II. LITERATURE SURVEY
To develop the idea, many different methods were researched and tried to find a suitable implementation, an attempt was made to perform voice conversion that could transform voice from audio to source without losing the essential contents in a language. They used different methods such as voice conversion, vector quantization, contrastive predictive coding, augmentation. The content encoder achieves very good results in capturing the content information.[7] speaker encoding gives fast output but the voice feels little synthetic as compared to speaker adoption [1].

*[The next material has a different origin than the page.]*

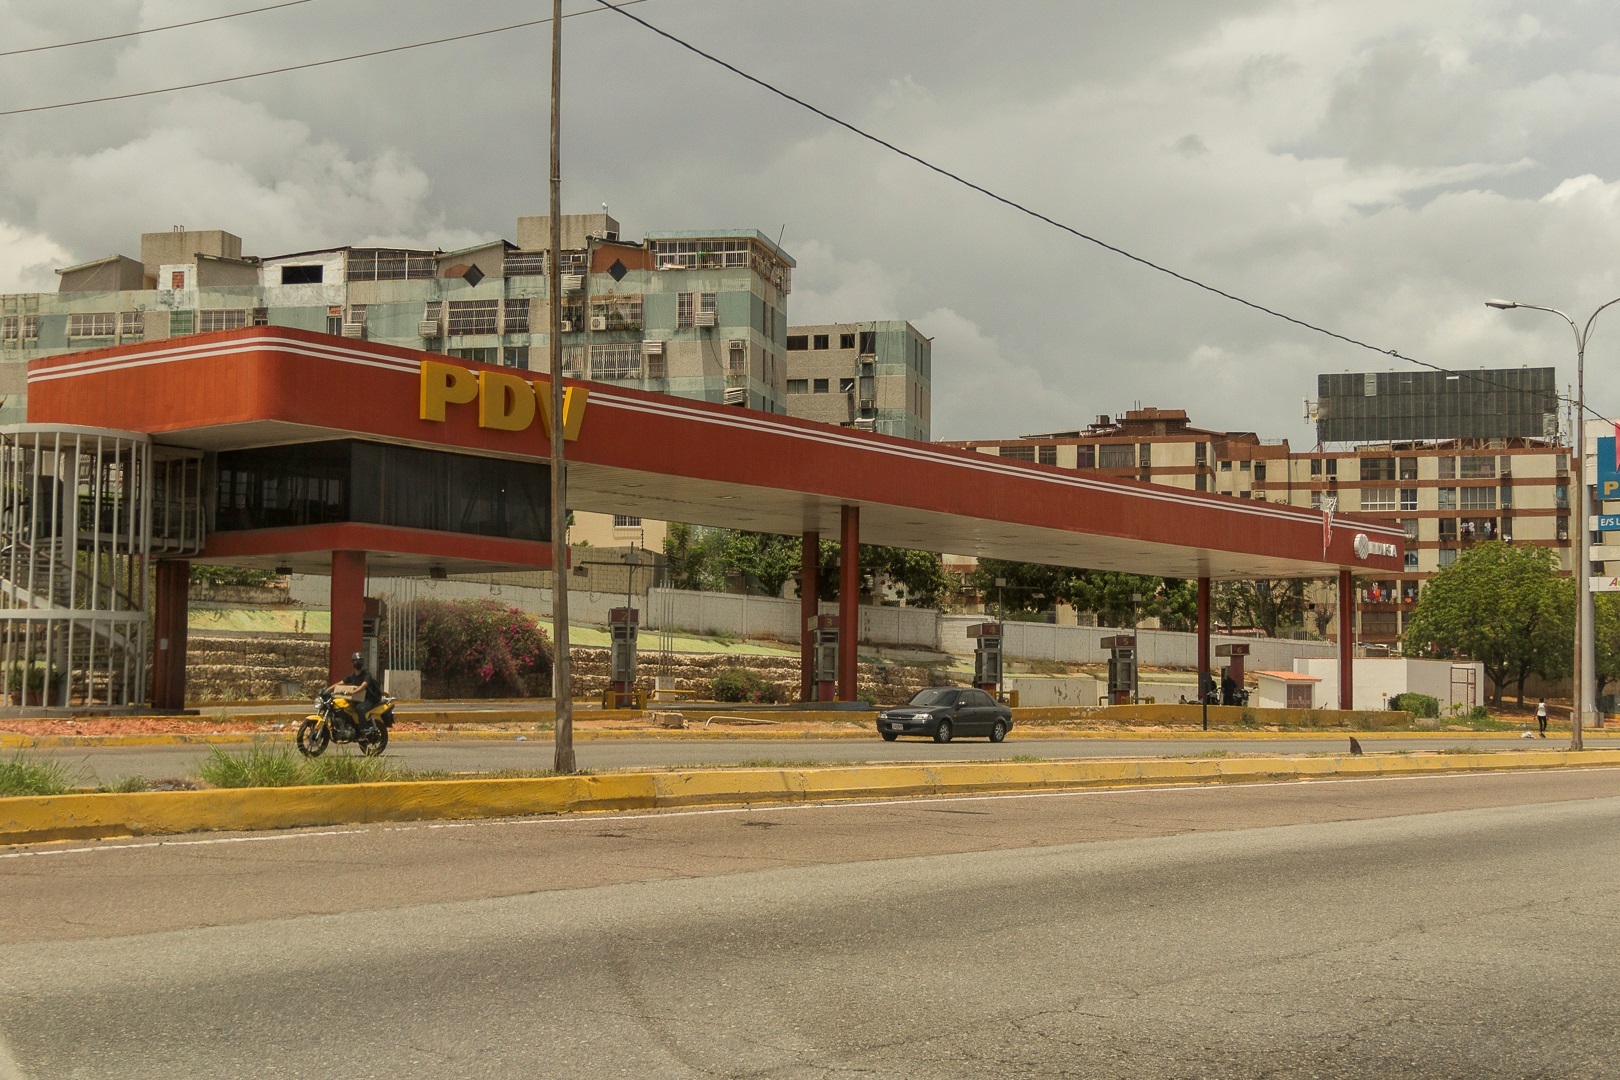 En Achaguas persiste la crisis: No surtirán gasolina en semanas de “cuarentena radical”

The research also showed that VQVC learns a meaningful embedding space without any supervision. However, some researcher’s say that the naturalness of the human voice has already been reached[5]
III. IMPLEMENTATION
The implementation of the entire system involves processes such as installing required programs, Creating an environment to run the project properly, integrating the datasets, coding, and implementing of Encoder, Synthesizer, and Vocoder. All the coding and required implementations have been done using Python language, as mentioned Python language is used for coding and implementation. Open-source technologies such as Google Tacotron 2 and wavenet modules also have been used.
A. Installations
The mandatory installations which are required to implement the project are:
The above installations were done using the Python pip command in the python shell. After the installation has been completed it is necessary to configure the new installations to build the right environment. This is done with the help of a demo_cli.py file. If the demo_cli.py file is working properly then we have successfully installed and configured the requirements.
B. Dataset Used
The researchers found two different datasets in SV2TTS to train the synthesizer and vocoder. These are LibriSpeech-Clean, and VCTK10, a group of only 109 native English speakers recorded their voices using professional equipment. In all their tests, the VCTK expression was sampled at 48kHz and reduced to 24kHz, which is much higher than LibriSpeech's 16kHz sampling. When it comes to similarity, the synthesizer which is trained on LibriSpeech generalizes is better than on VCTK, however, this comes at the expense of natural speech.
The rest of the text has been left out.